* Republicans insist on Obamacare curbs in funding bill
* Obama presses for bill free of "ideological riders"
* House and Senate toss rival bills back and forth
* Up to a million federal workers face furlough
By David Lawder and Susan Heavey
WASHINGTON, Sept 30 (Reuters) - The U.S. Congress, still in partisan deadlock on Monday over Republican efforts to halt President Barack Obama's healthcare reforms, was on the verge of shutting down most of the U.S. government starting on Tuesday morning.
With the law funding thousands of routine government activities set to expire at midnight, Republicans in the U.S. House of Representatives were still insisting that any temporary measure to fund the government include a delay of Obamacare, knowing that it would be rejected by the Democratic-controlled Senate, as it was on Monday afternoon for second time in a week.
Later on Monday, the House was debating whether to toss the funding measure back to the Senate again, including a delay to Obamacare, a program aimed at providing healthcare coverage to millions of uninsured Americans.
There was little doubt how it would end without a last-minute compromise - in a shutdown that would leave some essential functions like national security intact but sharply cut many regulatory agencies, furloughing up to a million federal workers.
Neither body wants to get stuck holding the funding measure at midnight, for fear of being identified as the one that ultimately didn't pass it, leading to the game of hot potato with rival funding bills that is in its second week.

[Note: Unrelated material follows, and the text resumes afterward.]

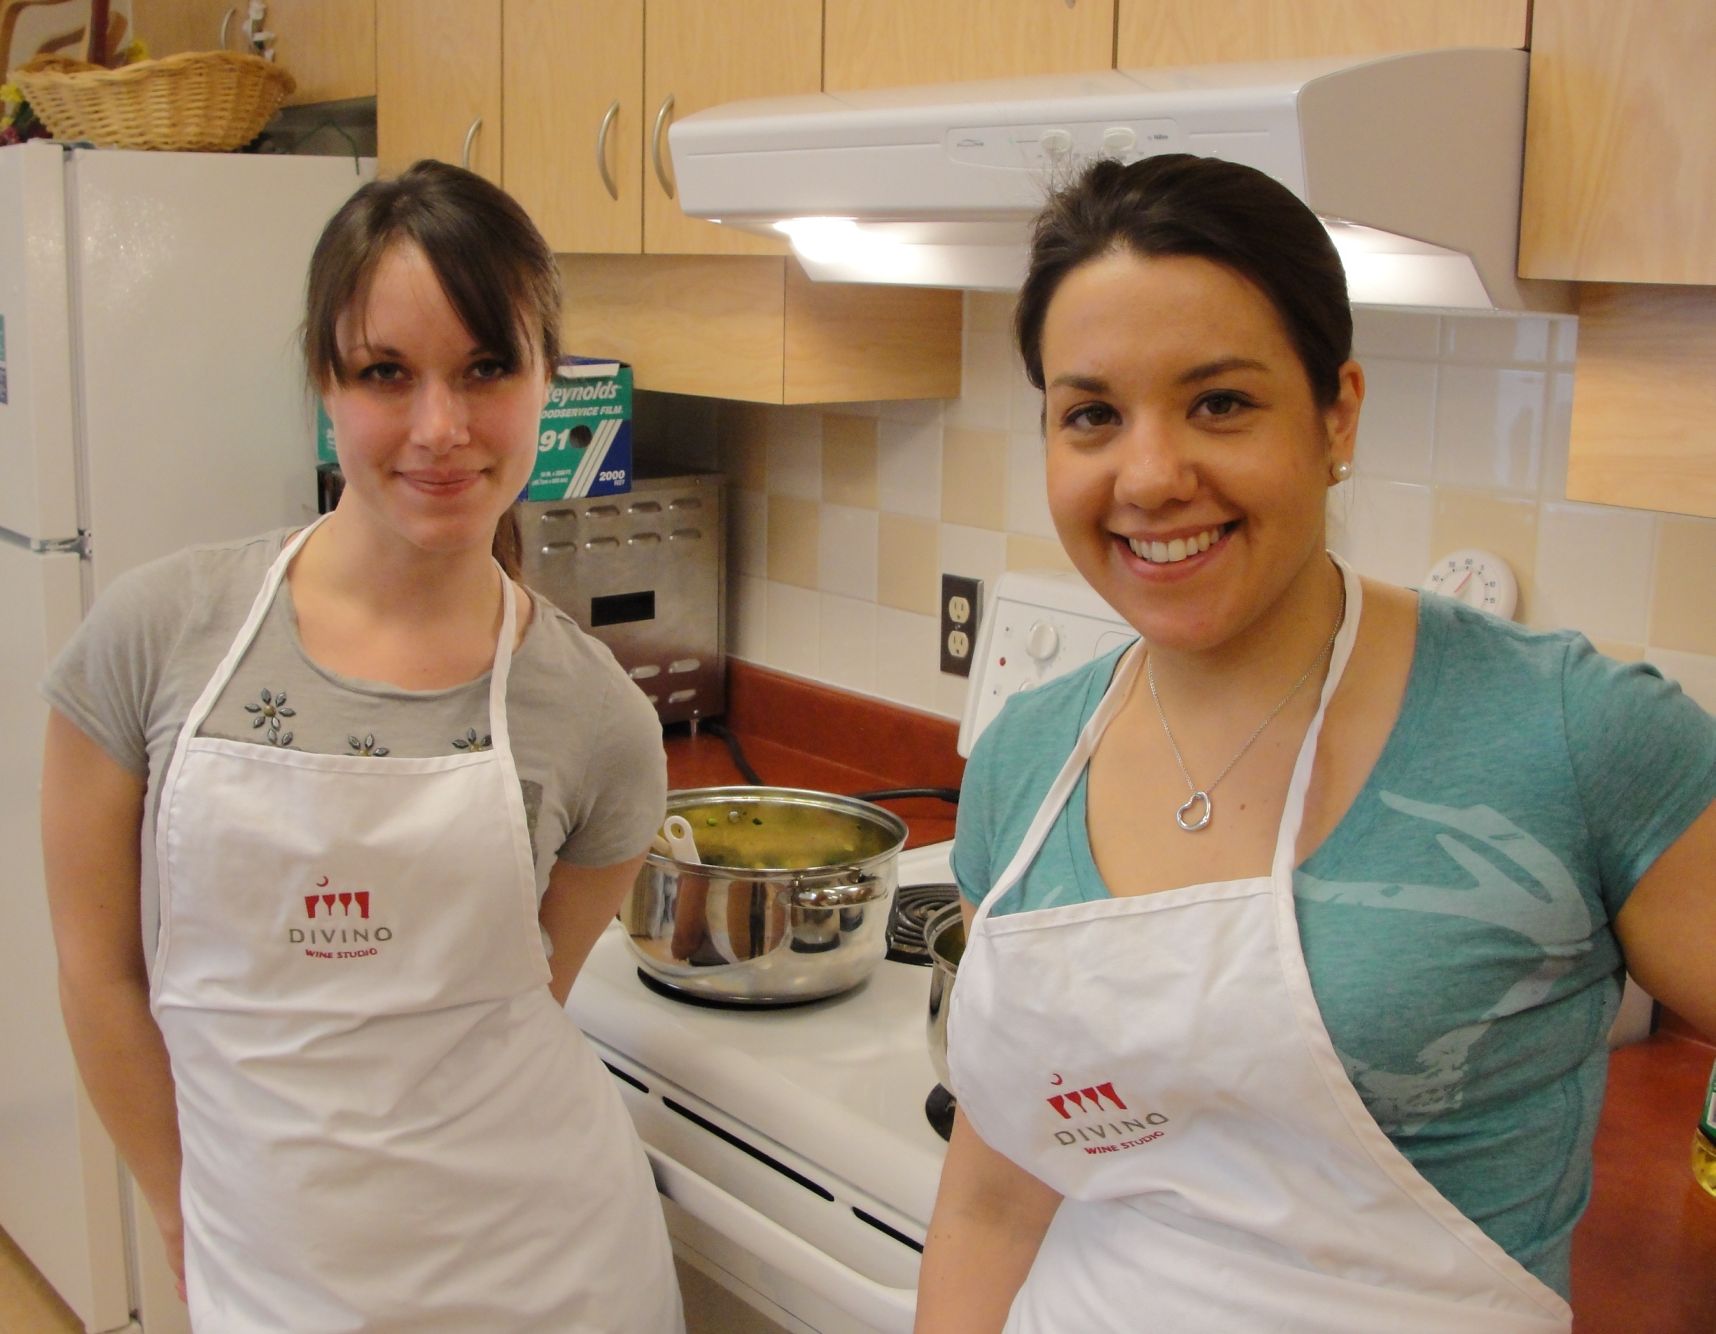 http://www.youvillecentre.org/wp-content/uploads/2020/12/Collective-Kitchen-Larissa-and-Jessica-DiVino-March-9-018.jpg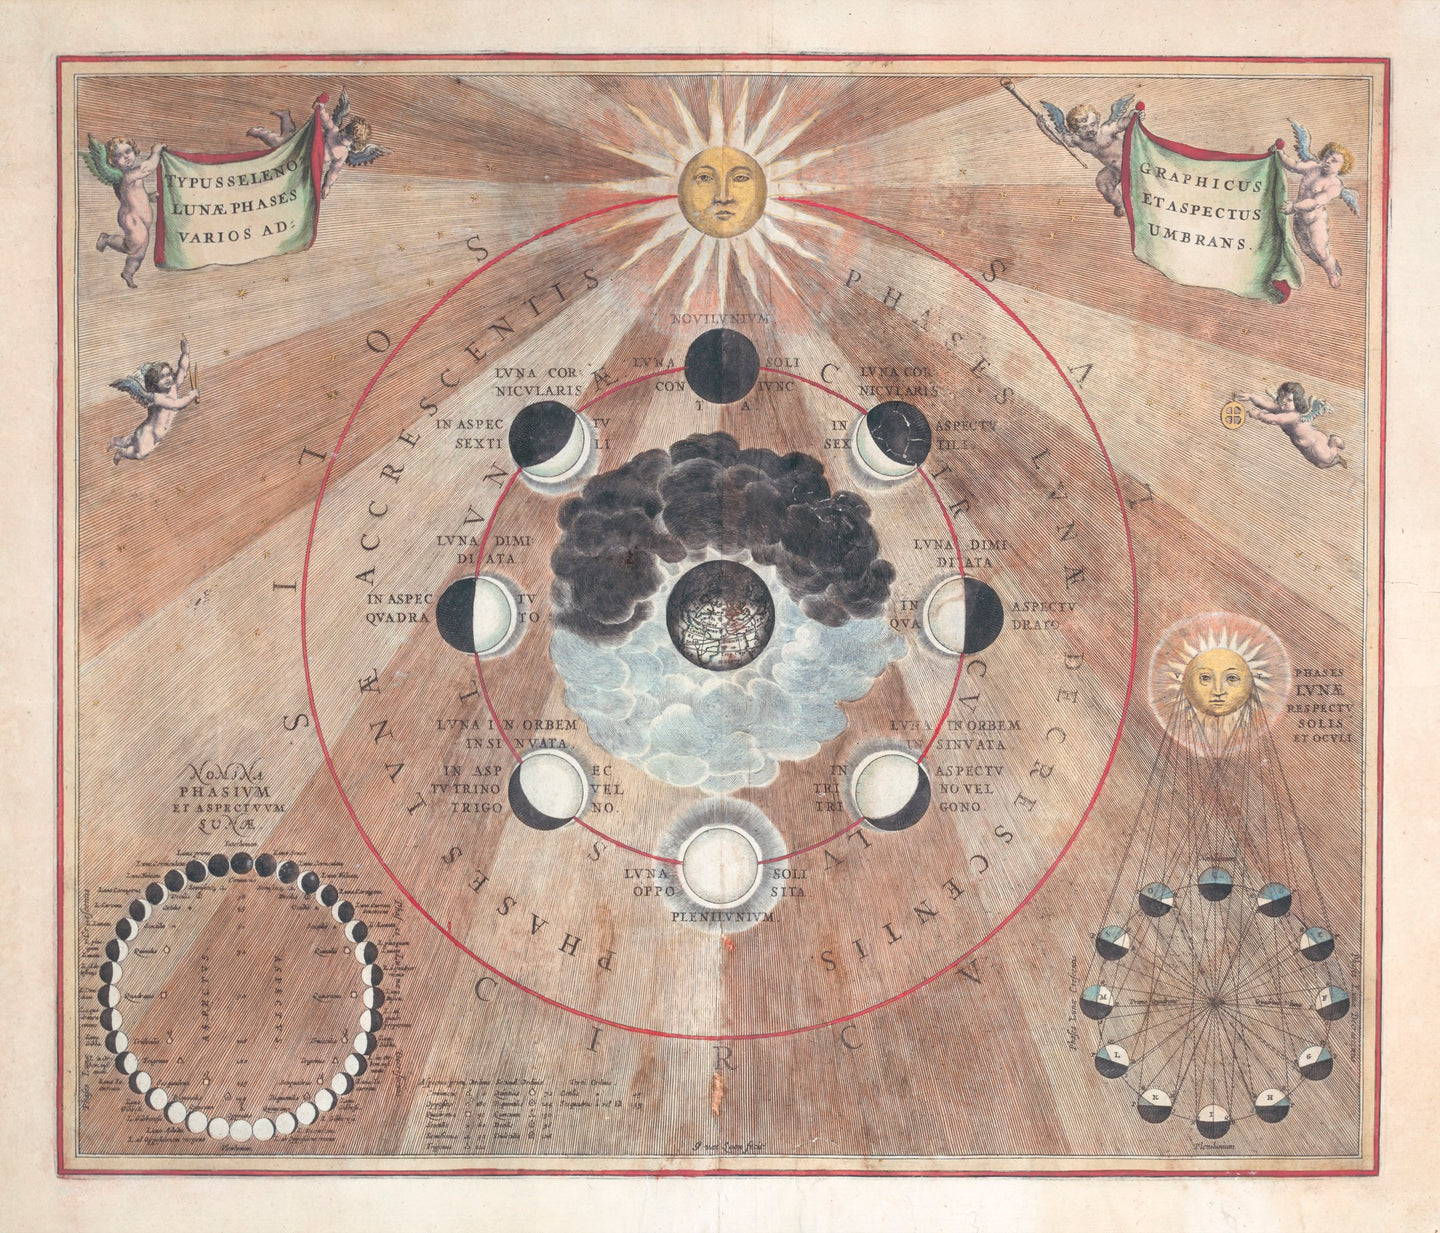 Celestical chart showing phases of sun and moon centred on earth.

Asked if Republicans would send an anti-Obamacare funding measure back to the Senate for a third time, Representative Marsha Blackburn of Tennessee said, "Oh my goodness gracious, we're going to keep going. We're keeping the government open."
At 5 p.m. (2100 GMT) Obama appeared resigned to a shutdown, stepping into the White House press room to reiterate that the shutdown would be the fault of the "extreme right wing" of the Republican Party, referring to the conservative Tea Party.
He also reassured the public that while poor people and seniors, among others, would continue to receive benefit checks in the event of a shutdown, many other functions of government would grind to a halt, throwing "a wrench into the gears of our economy."
And he taunted Republicans about Obamacare. It "takes effect tomorrow no matter no matter what Congress decides to do today ... you can't shut it down."
Republicans say the launch on Tuesday of new online government health insurance exchanges will cause premiums to rise and deter companies from hiring new workers.
The White House later said Obama placed calls to top lawmakers, continuing to press the Republican leadership for six weeks of government funding, free of any "ideological riders."
Americans are split over whether funding for Obama's signature healthcare law should be linked to measures that pay for U.S. government operations, but more will blame Republicans if the government has to shut down on Tuesday, according to a new Reuters/Ipsos poll.
The duration of the "funding gap," the bureaucratic term for a partial government shutdown, would depend on when lawmakers finally approve a funding bill.
Some functions deemed essential, such as U.S. Department of Agriculture meat inspections, would continue. Other agencies, like the Environmental Protection Agency, will furlough most of their workers.
A shutdown would continue until Congress resolves its differences. That could be a matter of days, or weeks.
The standoff does not bode well for the next political battle, a far-more consequential bill to raise the federal government's borrowing authority. Failure to raise the $16.7 trillion debt ceiling by mid-October would force the United States to default on some payment obligations - an event that could cripple its economy and send shockwaves around the globe.
Global stock markets fell on Monday as investors worried about the prospects of a partial U.S. government shutdown. The Dow Jones industrial average ended 0.8 percent lower. The dollar, which had been down 0.4 percent against a basket of six major currencies, was down just .07 percent in late Monday trade as some traders saw hope for a last-minute deal.
"The government is such an important part of the entire economy, between the people it employs and the impact it has on consumer confidence," said Nicholas Colas, chief market strategist at the ConvergEx Group in New York. "The size of the selloff is logical given the stakes."
The two parties continued to blame each other on Monday for failing to avoid the impending shutdown.
"There's one person who can decide between now and midnight whether or not the federal government stays open or whether it shuts down, and that's the (Republican) Speaker of the House, John Boehner," said Democratic Representative Chris Van Hollen of Maryland at a midday news conference.
"It's very short and simple today," said Republican Representative Kevin McCarthy of California. "We'll pass a bill that funds government. So the question will rest with (Democrat) Harry Reid," leader of the Democratic-led Senate.